Derrick Wade (born February 17, 1979 in Grenada, Mississippi) better known by his stage name Top Dogg and YGD Tha Top Dogg was an American rapper. Raised in Compton, California, Top Dogg was signed to Suge Knight's Death Row Records. He was shot in April 2003 by Los Angeles Police after a heated argument broke out resulting in a shoot out. He has been criticized for having a similar vocal style as former Death Row Records artist, Snoop Dogg.

Career

In 1998, Death Row Records CEO Suge Knight planned to launch many new rappers to come for the second generation of Death Row Records.
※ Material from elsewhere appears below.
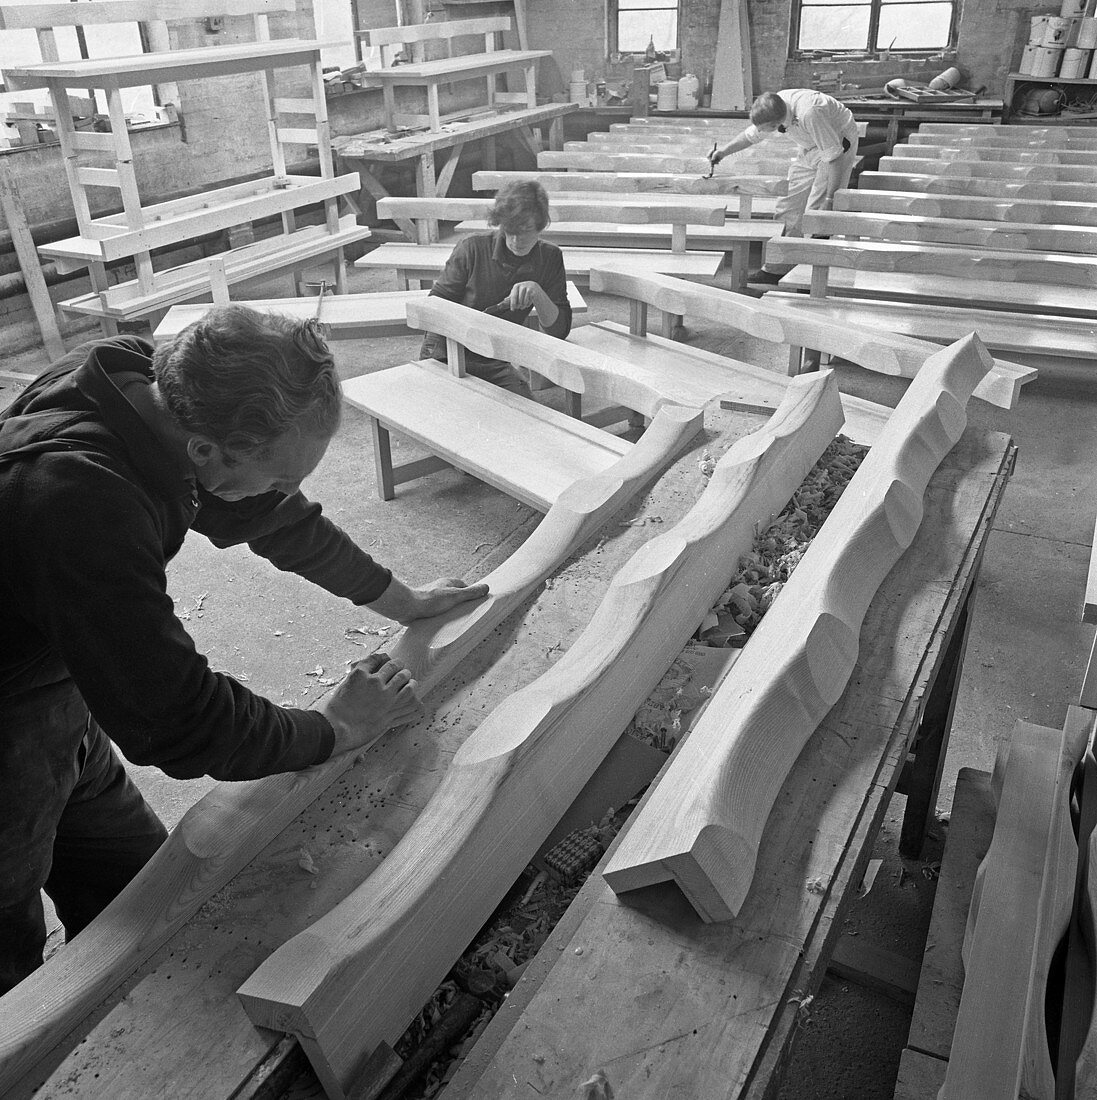 Carpenters working on church pews, 1969

Although he was incarcerated, he pushed rapper Top Dogg (also known as YGD) as his first new face making his television debut appearance in the video "All About U" on the 2Pac "Greatest Hits" album replacing Snoop Dogg. Top Dogg had generated a buzz from a hidden track on the "Gang Related" titled "Goin Back To Cali" aimed toward Biggie Smalls & Puff Daddy. The video, "All About U," received heavy play and Suge followed in 1999 with Suge Knight Represents: Chronic 2000 album to introduce a brand new roster headed by Top Dogg, Tha Realest, and Soopafly, with Daz Dillinger as the veteran lead-producer.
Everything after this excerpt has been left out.